May not have chance to blog again until the end of Feb, so take your time reading the mammoth amount of posts I just added!

Love y'all
Sees you after my holidays!
xxx

Wednesday, January 26, 2005

Reasons Why I Like My Shape

As the diet thing isn’t really going that well, and I’ve been told by three different people that I don’t need to loose weight, I have been trying to look at myself a little differently.
The people in the public eye that I find attractive are generally much slimmer than your average person, for example Alyson Hannigan or Angelina Jolie. Of course, I know that they have dieticians and personal trainers, how on earth could I have the time to be that thin.
What I find attractive in a woman, as a woman, is possibly not the same as what men find attractive in women.
The only person I need to be concerned about is my boyfriend. Unfortunately he agrees with me about Alyson Hannigan.
So – what have I figured out so far? Well, that Alyson Hannigan is attractive but that I can never be that thin.
OK. This train of reasoning, I think, is not really that productive. So I have to look at another method.
It was suggested that I should think of five reasons why someone would find me attractive physically. So, here goes.
  1. I have nice boobs I have a nice smile
  2. I have big eyes
  3. I have pretty good legs
  4. I have a pert (if large) bottom
Ok, that was easier than I expected. Maybe that’s not something which will help me. This is the trouble, although I know that I have redeeming physical features, I tend to concentrate much more on the things I dislike about myself. To be honest I would really just like to be firmer on my tummy and sides. I am doing a little dieting – but I do need to be careful. Extreme dieting is not a place I’d like to return to(1)
So, just getting rid of the bit that most women want rid of. Joy. You see, I don’t really mind my fairly large bottom. I don’t worry that my thighs are a bit wobbly. I love that my boobs got bigger when I put on weight. My face shape isn’t quite as nice as it was, but I can use blusher in creative ways!
So, in order to make me feel better about myself, we took a digital photo of me looking rough in mis-matched underwear. I’m slouching and rounding my shoulders. Then, just before the holiday we will take another photo of me. Hopefully in the new one I will look better. The plan is that I will wear heels and one of my new sexy bikinis. I’ll pose better and smile rather than scowl. OK, so I know that some of it is about psychology, and that I may look almost the same as before but I’m posing better. That said, if I look better in the picture then I’ll feel better regardless. (I hope)
Also, I am enjoying my new cardiovascular exercise – skipping! I find it tiring, and it also hurts my joints after a while, as it’s very high impact. We do have camping mats, which we use to skip on as this cushions the landings a little. I managed to do 100 consecutive skips last night.

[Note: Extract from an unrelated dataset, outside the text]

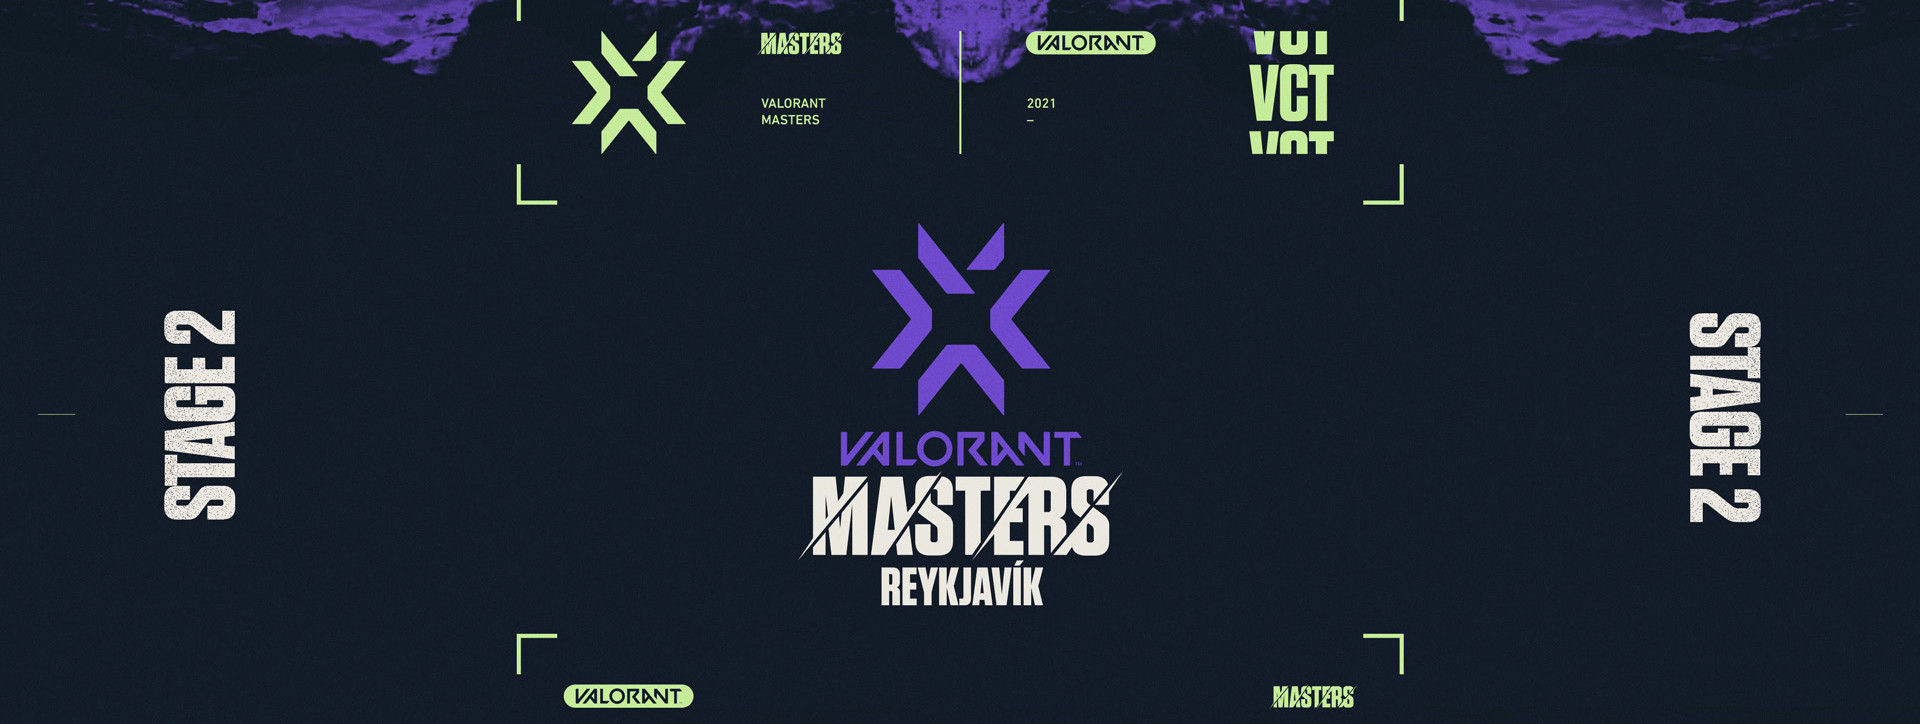 Masters 2 in Reykjavík: Wave-Profi murii freut sich auf Korea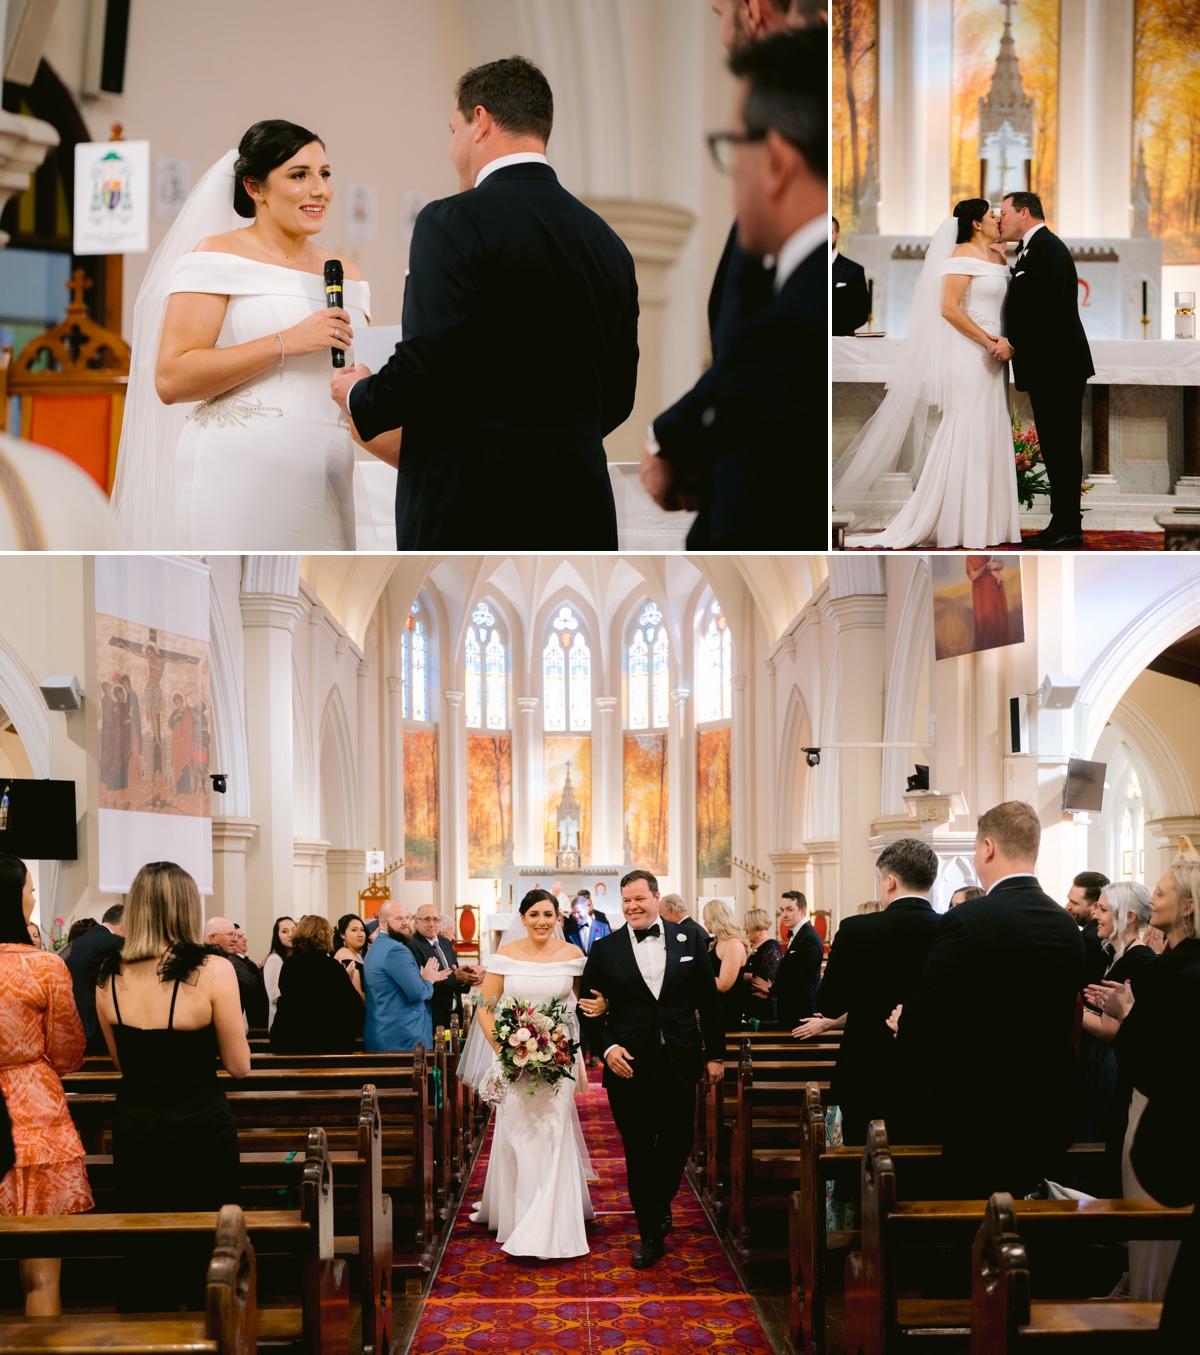 St. Patrick's cathedral toowoomba wedding www.benandhopeweddings.com.au

(1) As a teenager (like most teenagers) I had a minor problem with eating. I didn’t – if there was any way that I could avoid meals I would. However, while at university – thanks partly to a good friend and also to my boyfriend – I discovered that I didn’t have to be starving all of the time. That resulted in the me in the picture top right.

Scorchio!

I’m going on holiday. I’d like to think I deserve it, and that I shouldn’t really be more concerned about paying off my credit card. Still, who gives a monkey’s.(1)
So, yes, holiday. Dom and I are going away for an entire week. First we have to stay over at a hotel near the airport as we are leaving in the morning before we could get there by train. We’ll then be jetting off to the North coast of Fuertaventura, in the Canary Islands. These islands are just off the coast of Africa, although they are technically Spanish islands.
The resort we’re going to is supposed to be ideal for couples and since we’re going the week before half term, I’m anticipating not being bothered by large numbers of small children.(2)
We’re supposed to be approximately 15 minutes away from the new water-park (oo) and only about 5 mins from the Saharan Sand Dunes(3) which sound lush! We’re also really close to the beach, and the pool in the brochure looks great. So, in about a fortnight I’ll be sunbathing (hopefully) rather than sitting in England freezing.
After my holiday, you would expect me to be returning to work? Well, in a manner of speaking I will be. I will be spending two weeks in Norwich. I will, of course, come home at the weekend in order to do some washing (mostly). I would stay over the weekend if I was rich enough, but I can’t afford 3 nights at the rates the company are paying! Not on what the company are paying me.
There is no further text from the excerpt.